======== Data provided

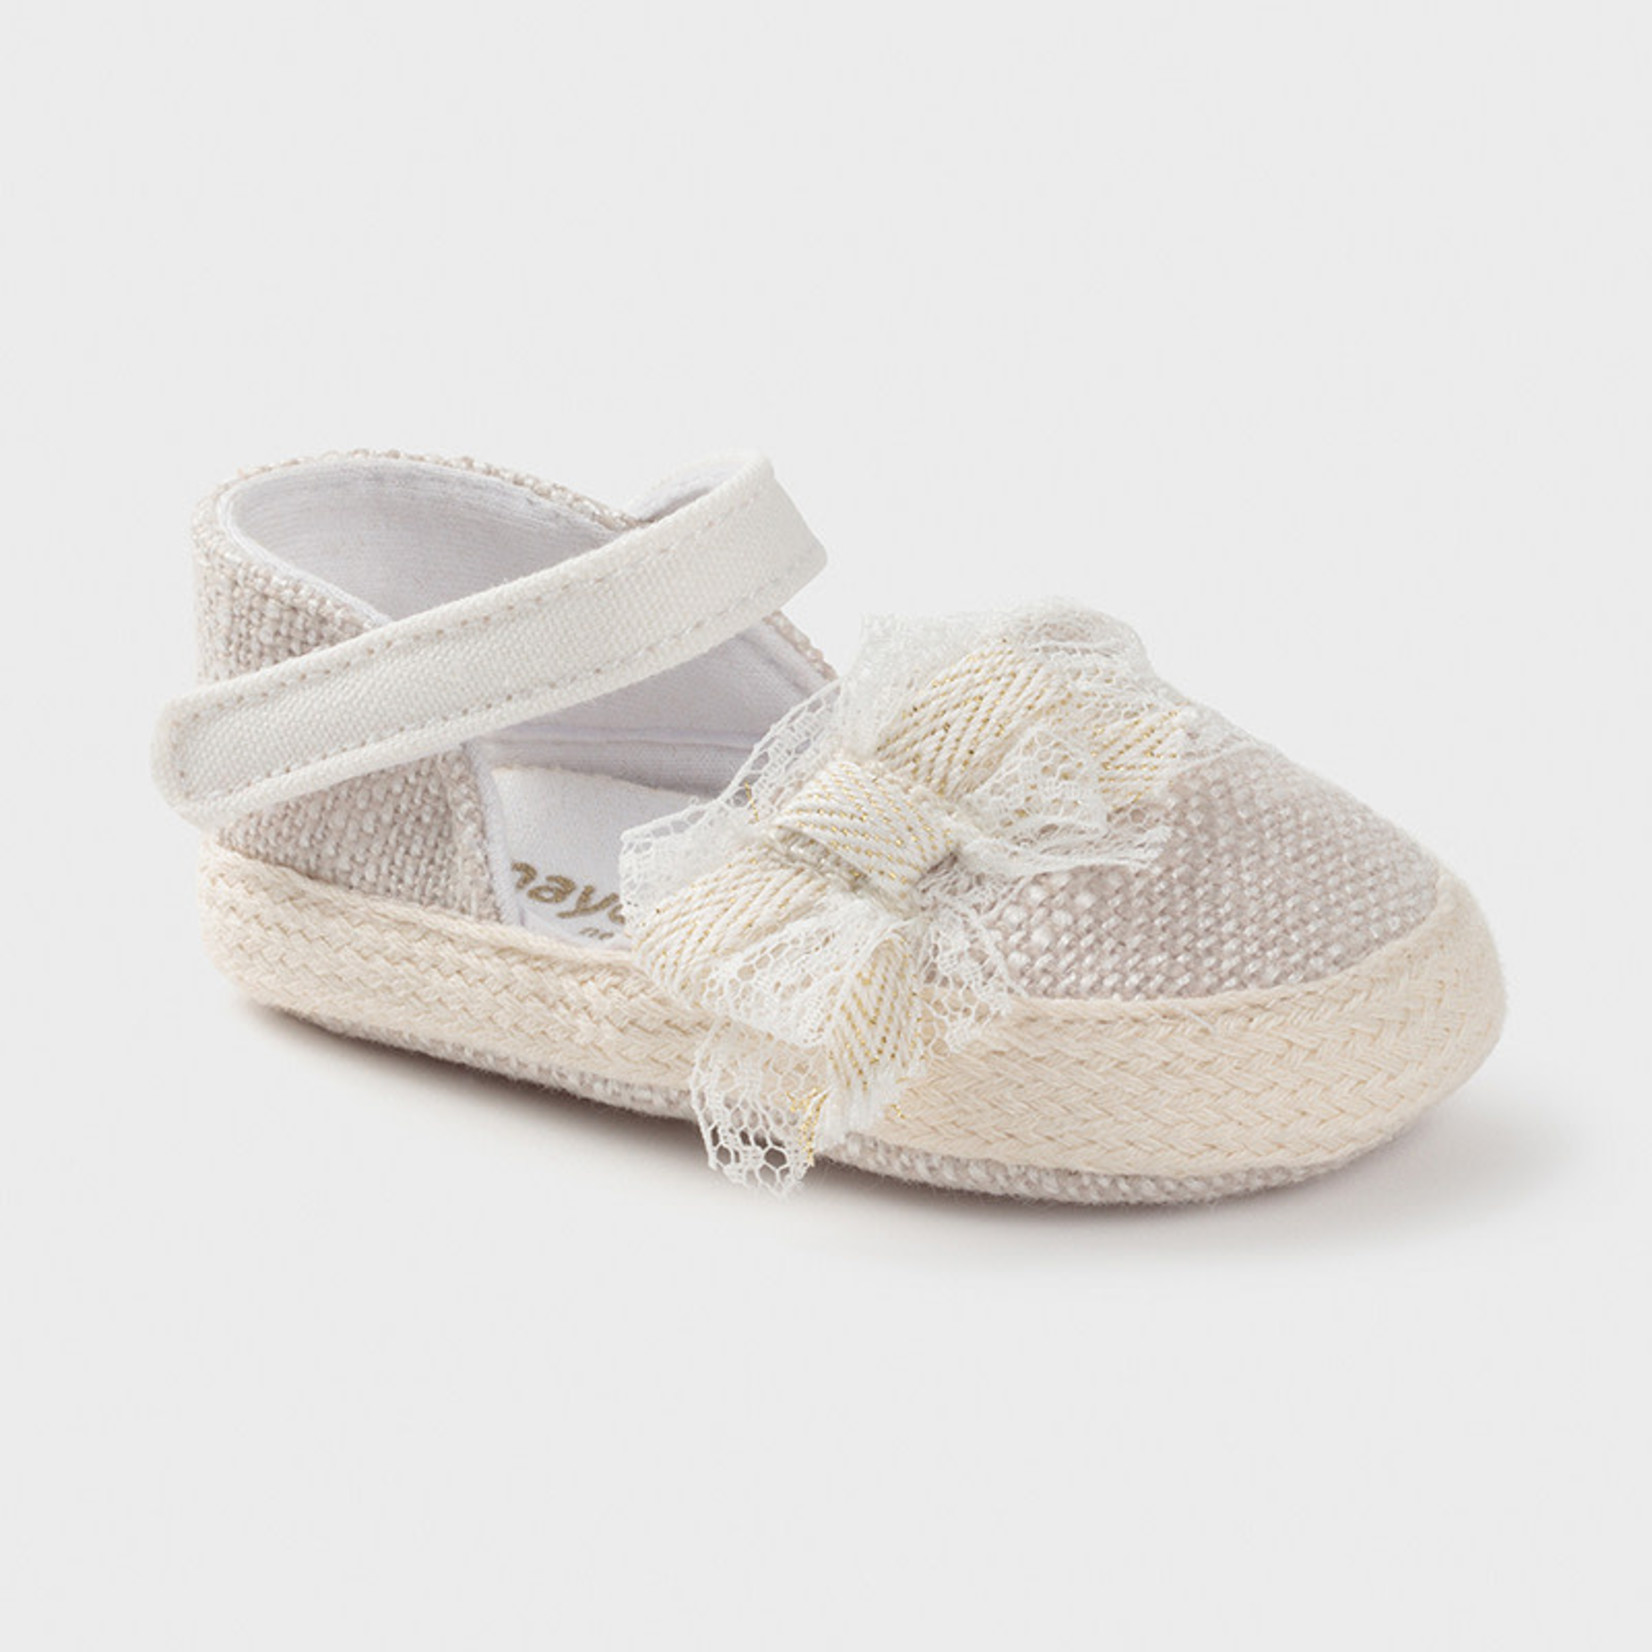 Mayoral Baby Shoe Lola - Mayoral
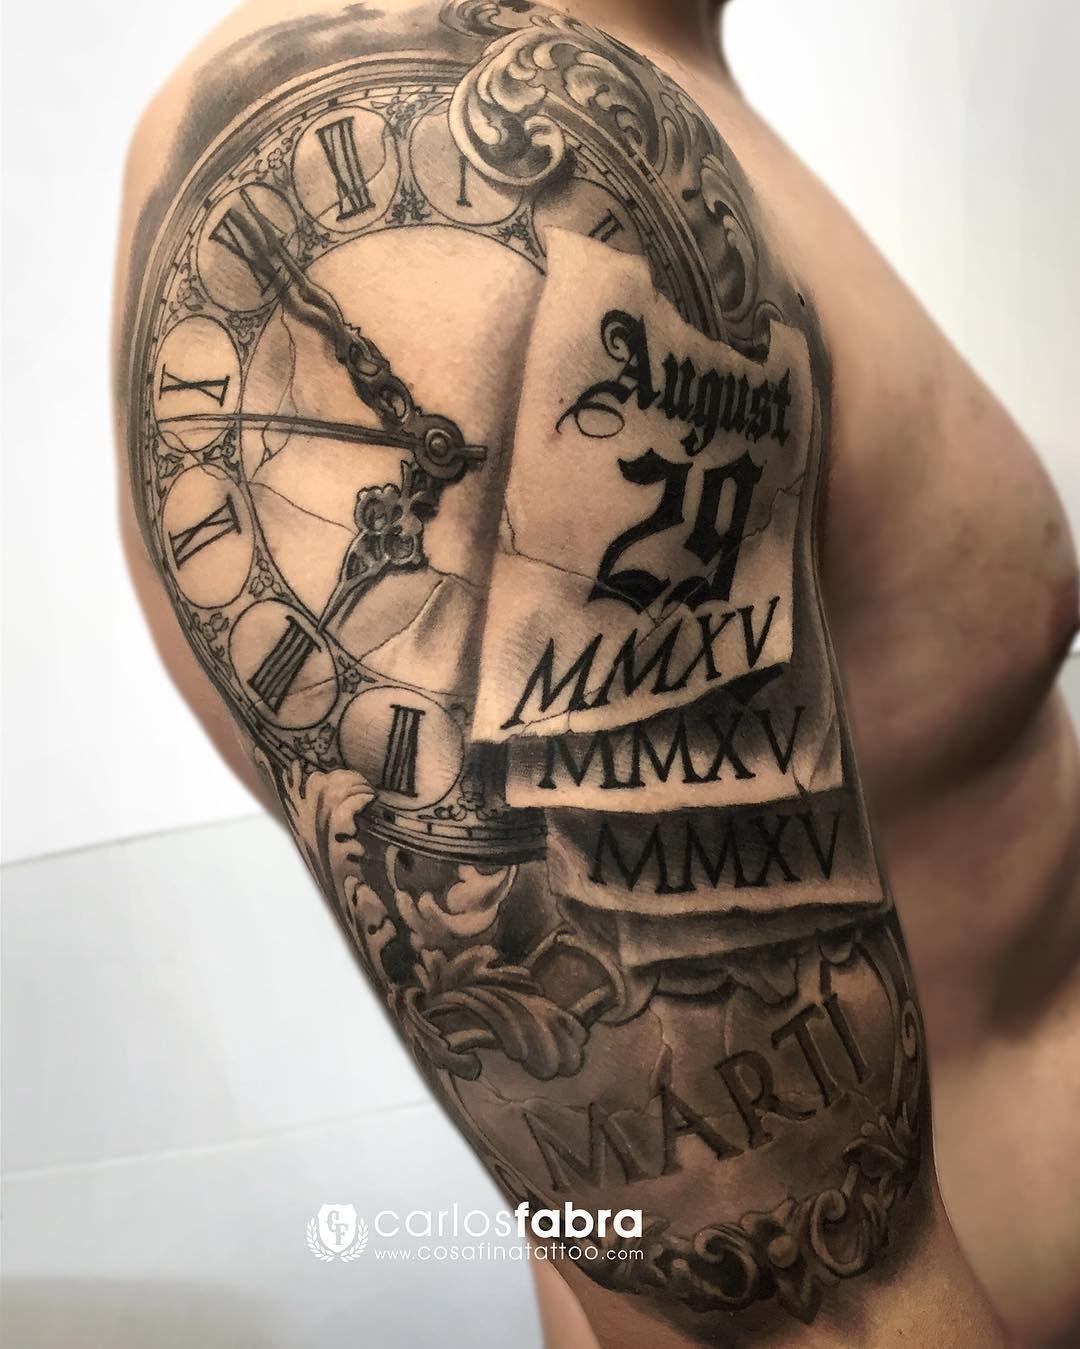 Tattoo Designs Braso: Homenaje A Su Hijo Martí. Totalmente Curado.
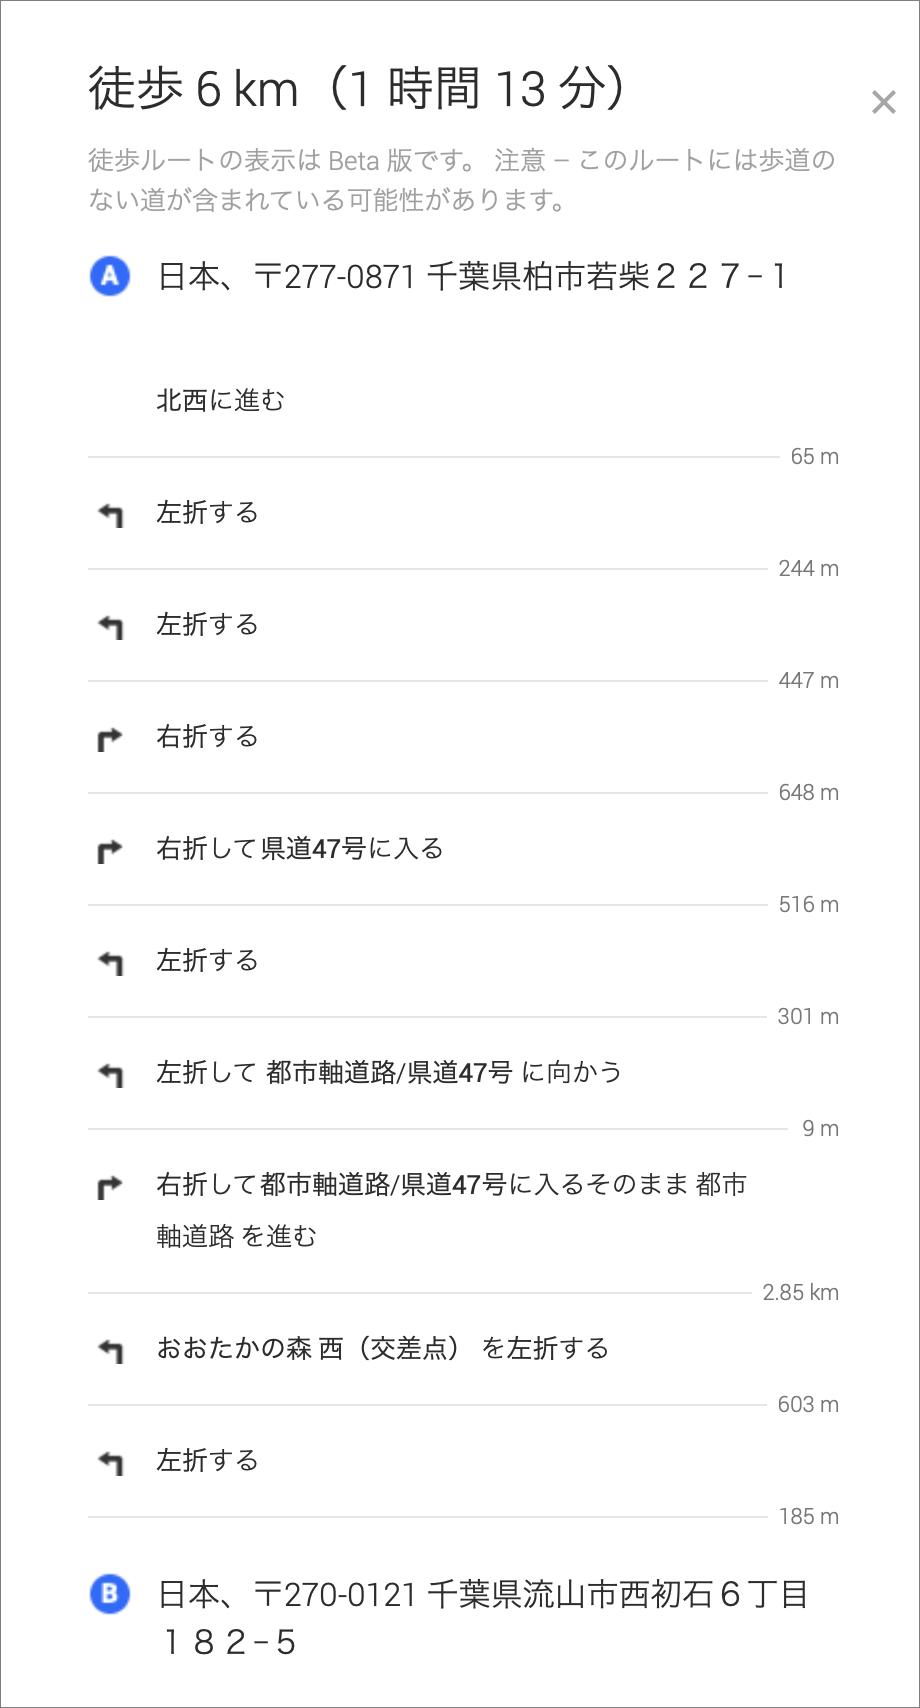 Googleマイマップ TX沿線ポタリング:柏の葉 Tサイト → おおたかの森S・C:経路の詳細

================

# [Task to complete]
Please reproduce the listing exactly, leaving out any pictures.

# [Output for this task]
 Mayoral Baby Shoe Lola - Mayoral
 Tattoo Designs Braso: Homenaje A Su Hijo Martí. Totalmente Curado.
 Googleマイマップ TX沿線ポタリング:柏の葉 Tサイト → おおたかの森S・C:経路の詳細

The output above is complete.